┌──

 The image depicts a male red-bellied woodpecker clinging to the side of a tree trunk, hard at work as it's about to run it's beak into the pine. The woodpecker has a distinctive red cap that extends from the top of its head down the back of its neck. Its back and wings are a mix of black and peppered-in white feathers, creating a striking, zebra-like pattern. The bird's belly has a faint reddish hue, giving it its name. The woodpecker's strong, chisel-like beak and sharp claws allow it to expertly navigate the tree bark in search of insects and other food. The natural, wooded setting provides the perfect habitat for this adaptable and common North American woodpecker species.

└──
┌──

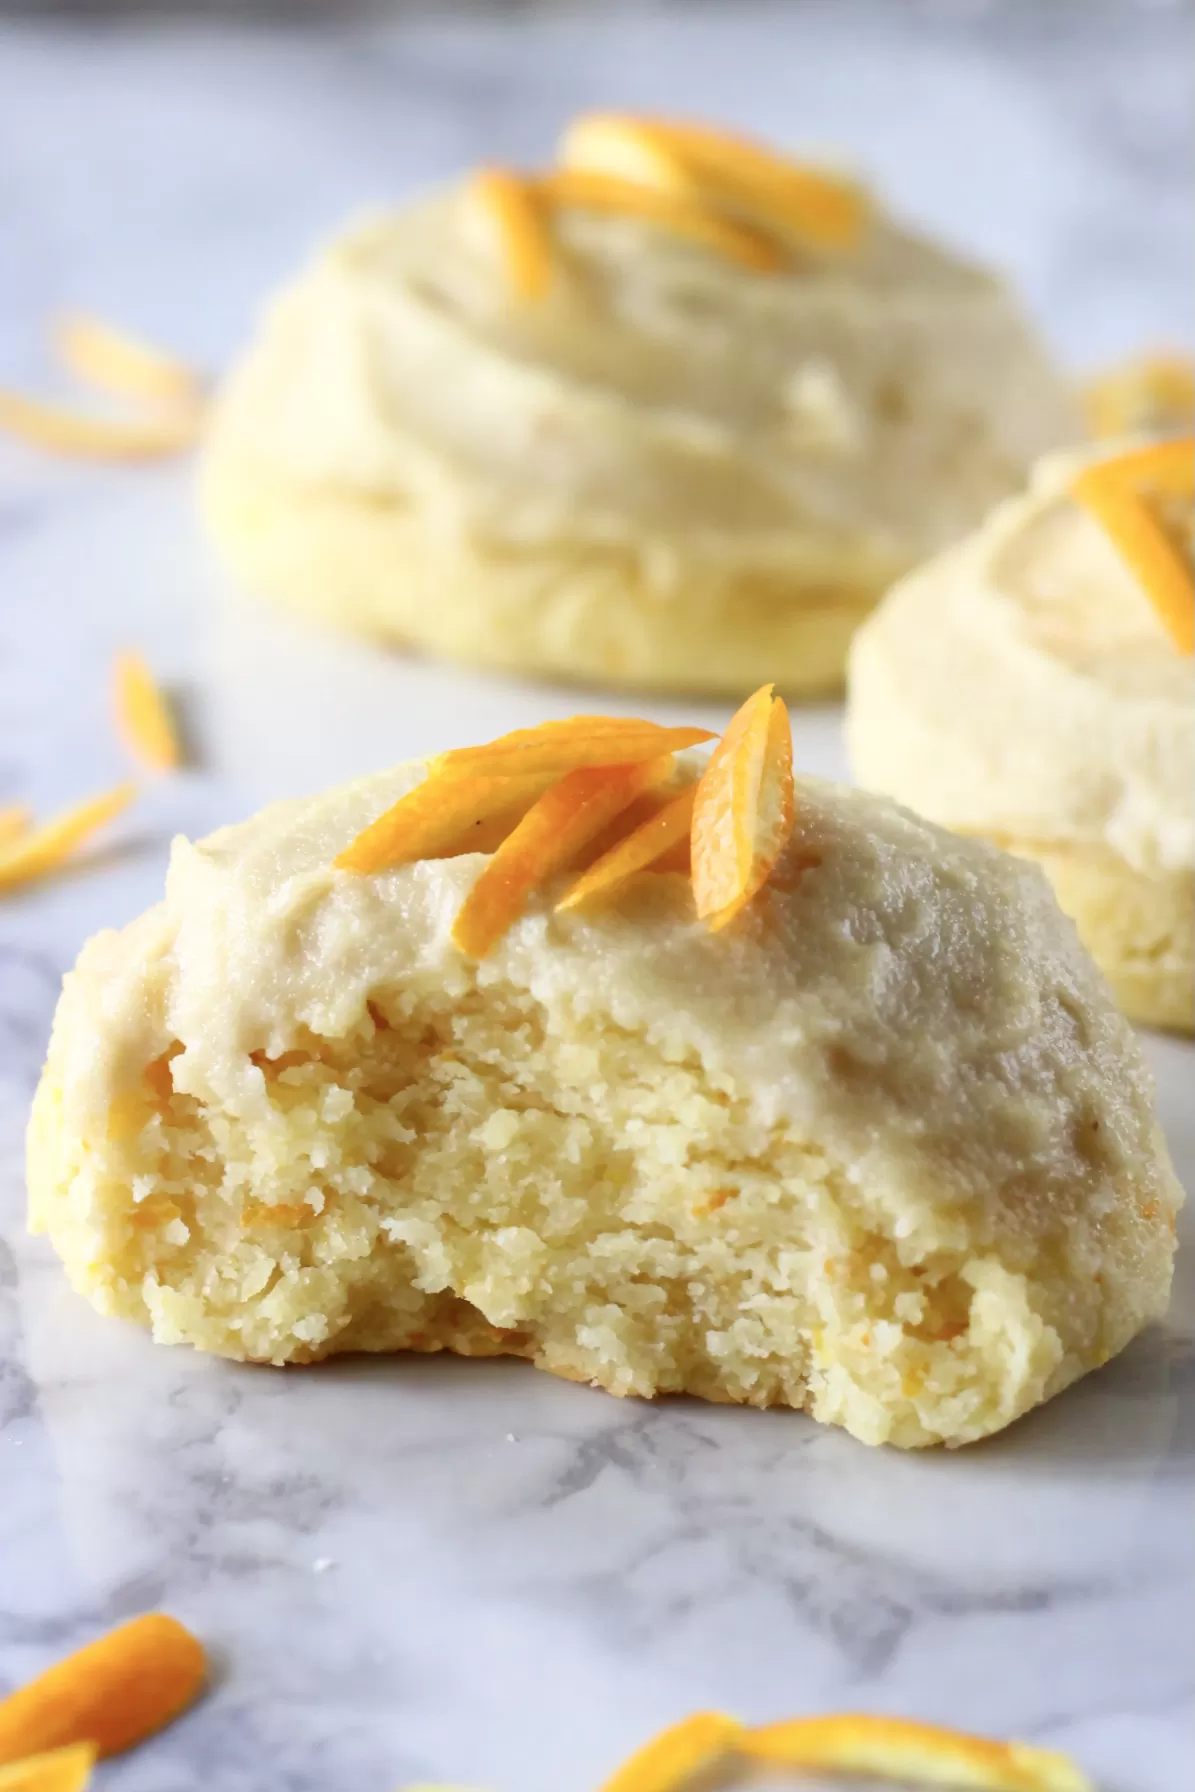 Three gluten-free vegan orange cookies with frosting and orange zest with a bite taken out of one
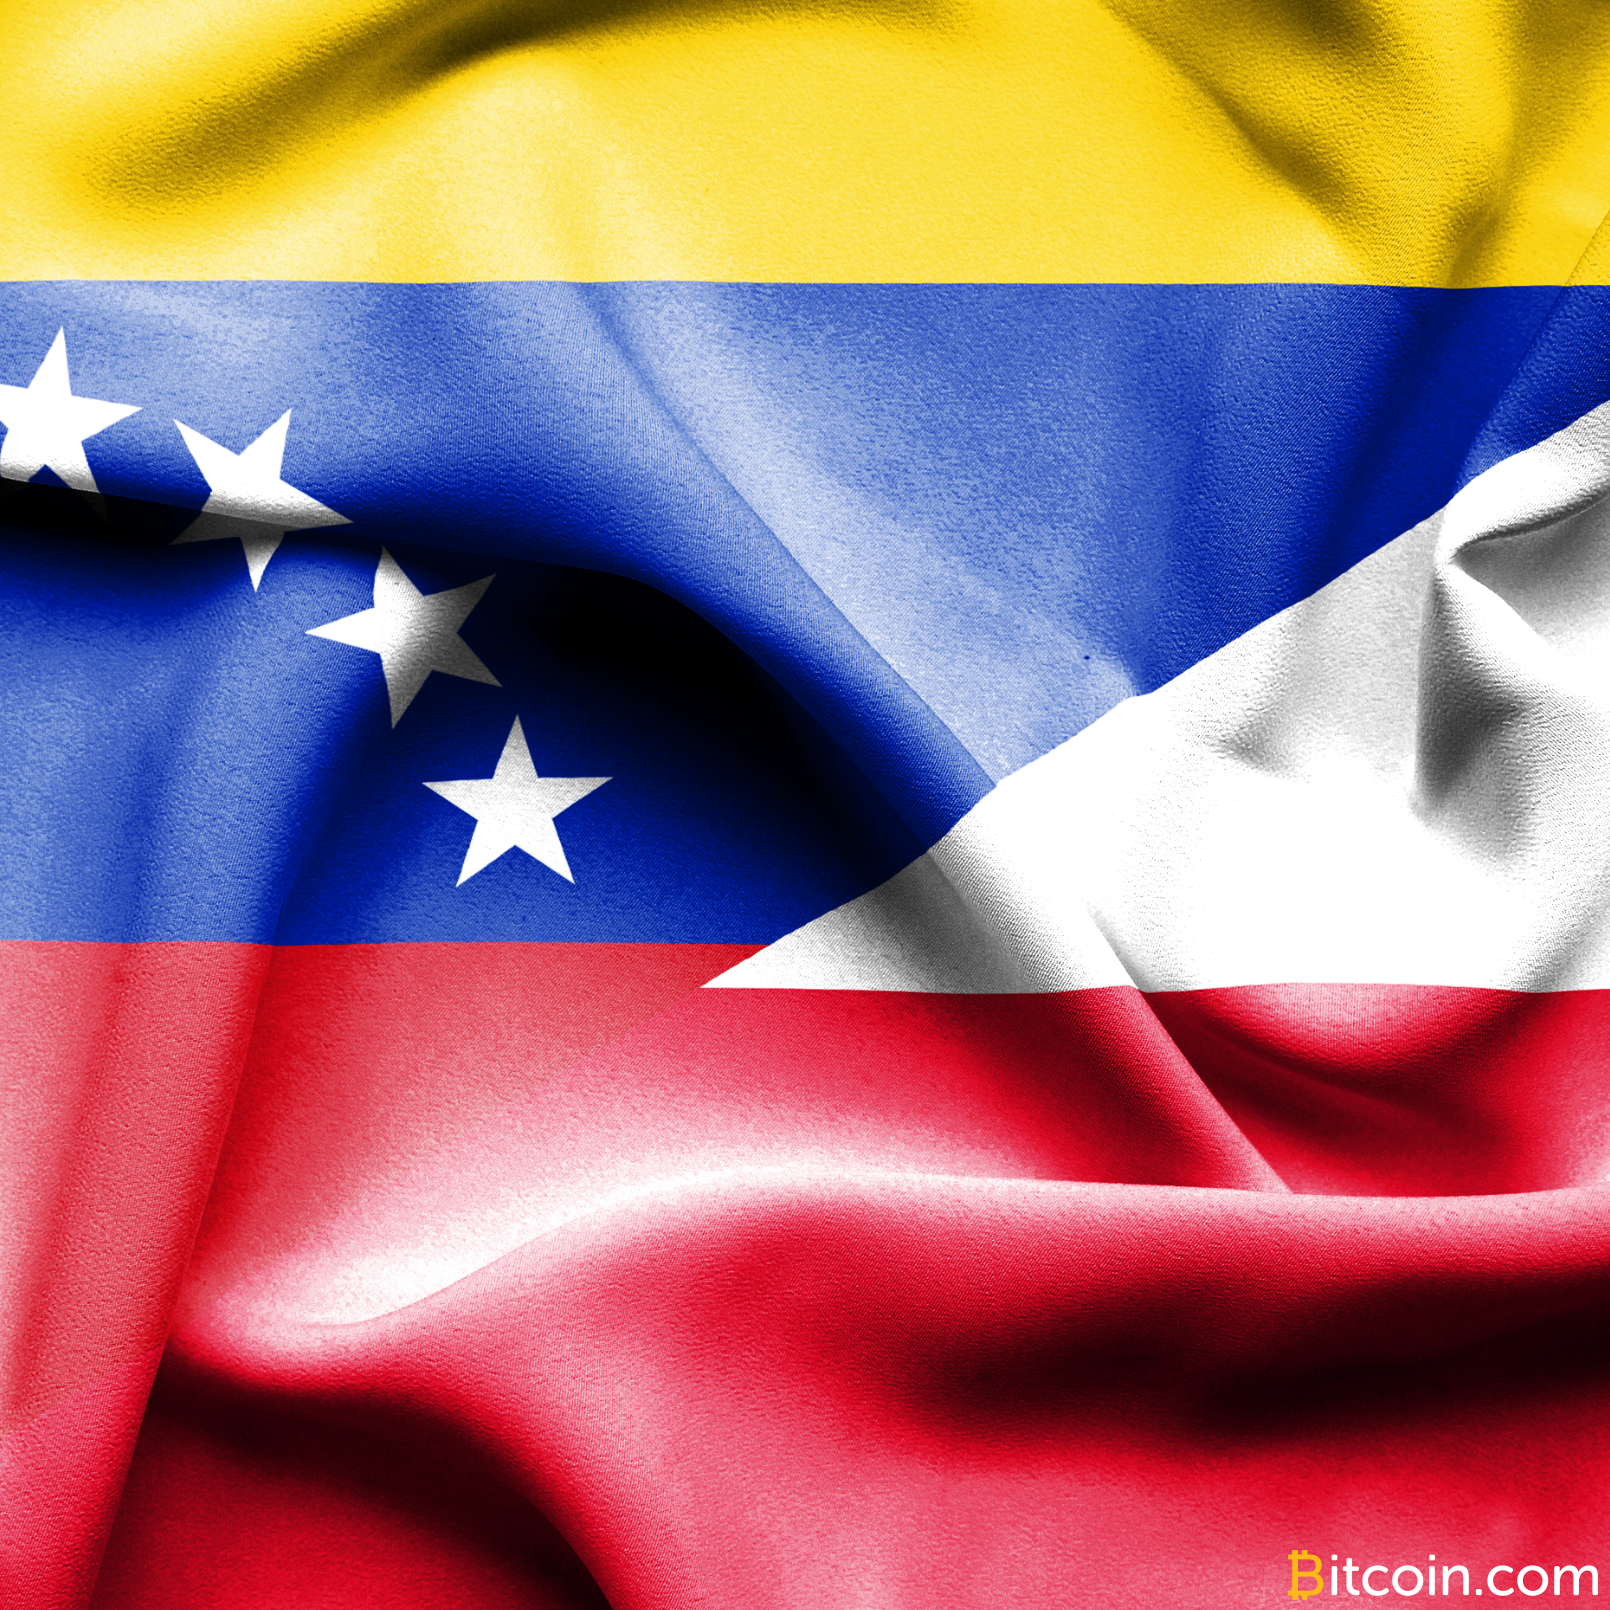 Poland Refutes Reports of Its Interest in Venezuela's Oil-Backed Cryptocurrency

└──

EXERCISE GOAL: In the listing above, find the line containing "Three gluten-free vegan" and the line containing "Poland Refutes Reports". Reproduce those lines and all between them exactly, with no pictures and nothing more.

WRITTEN SOLUTION:
 Three gluten-free vegan orange cookies with frosting and orange zest with a bite taken out of one
 Poland Refutes Reports of Its Interest in Venezuela's Oil-Backed Cryptocurrency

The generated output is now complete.